I decline cigars and watch my alcohol intake as I have a flight to catch tomorrow, but the lads seem to be on a mission to get tanked tonight. I tell Savio I will be right up; I have a call to make first. Grabbing my phone, I head into my office and close the door. I have business to sort out.
I casually stretch back in my chair, one leg across the other, and make a call which could potentially change my life forever, or at least I hope it will.
“Hello, Mark speaking,” the guy answers.
“Mark, this is Lucca Caruso, owner of Club di Energia. Are you free to have a quick chat?” I ask, firing up my desktop to quickly check my emails at the same time.
“Eh, yes. How can I help you, Mr. Caruso?” he says with apprehension in his voice.

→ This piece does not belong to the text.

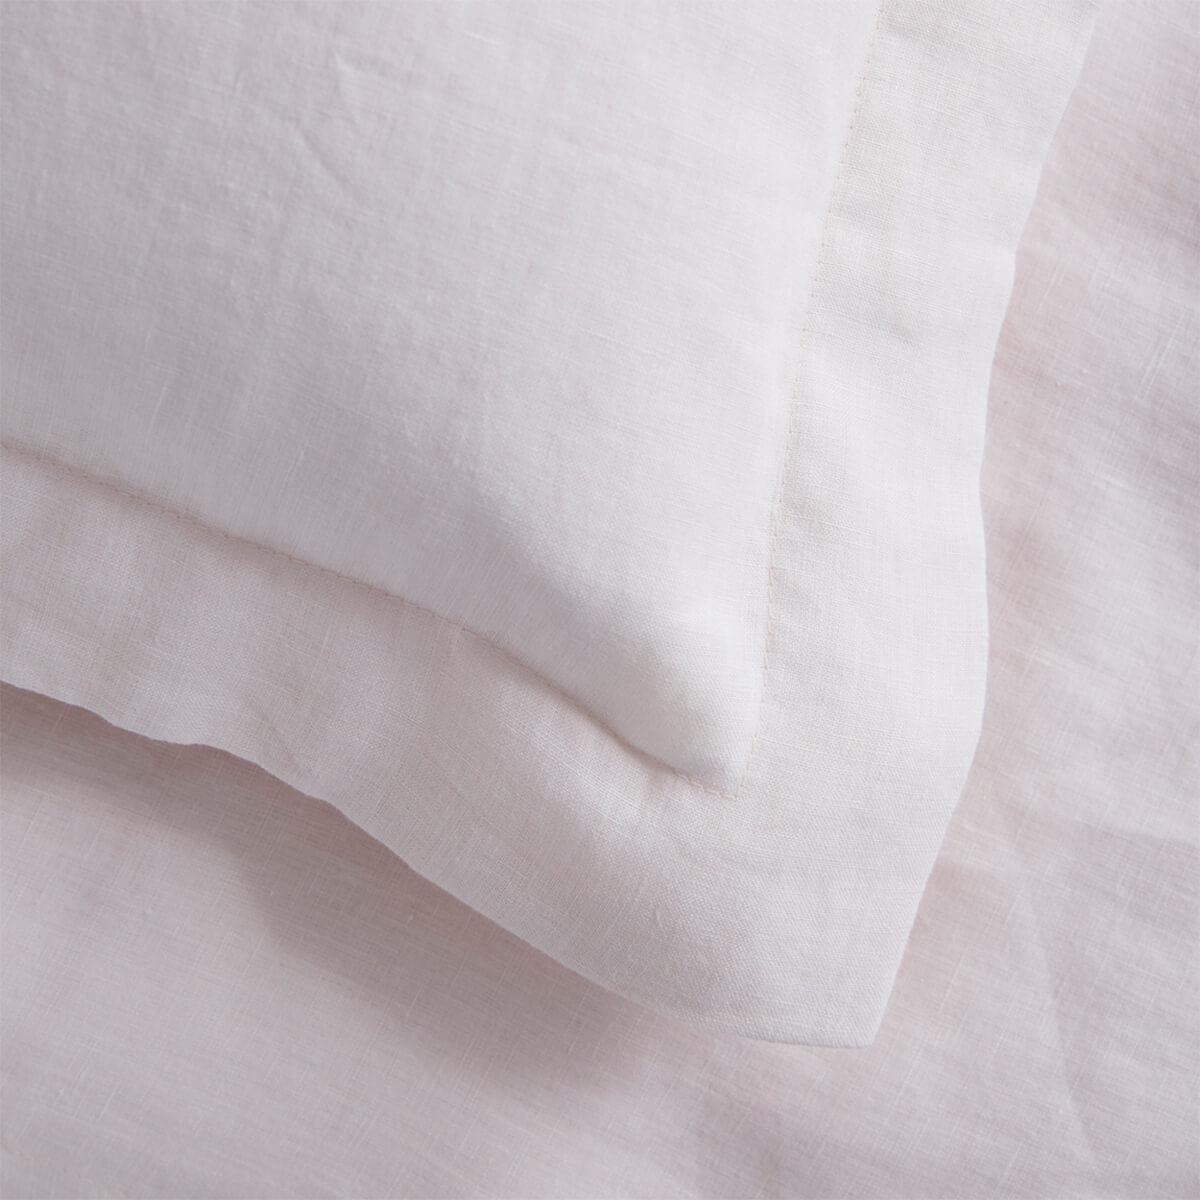 Blush Pink French Linen Standard Oxford Pillowcase Pair

“Please, call me Lucca. Nothing is wrong, just a courtesy call. Ronan gave me your number. I hope you do not mind me calling after hours. I have a trip scheduled tomorrow and wanted to catch you before I left.” I pick up some fundraising documents for the Jasmine Foundation, the cancer trials I support and donate to.
“How can I help?”
“Look, I would like to be direct with you. I was in the clinic today with lumbar back pain. Your colleague assessed me and encouraged me to book in another appointment. She suggested I book in with you, but the problem I have is, I very much want to book back in with her. I want her to treat me.” I tap my finger on the desk impatiently after I have neatly filed the documents in order.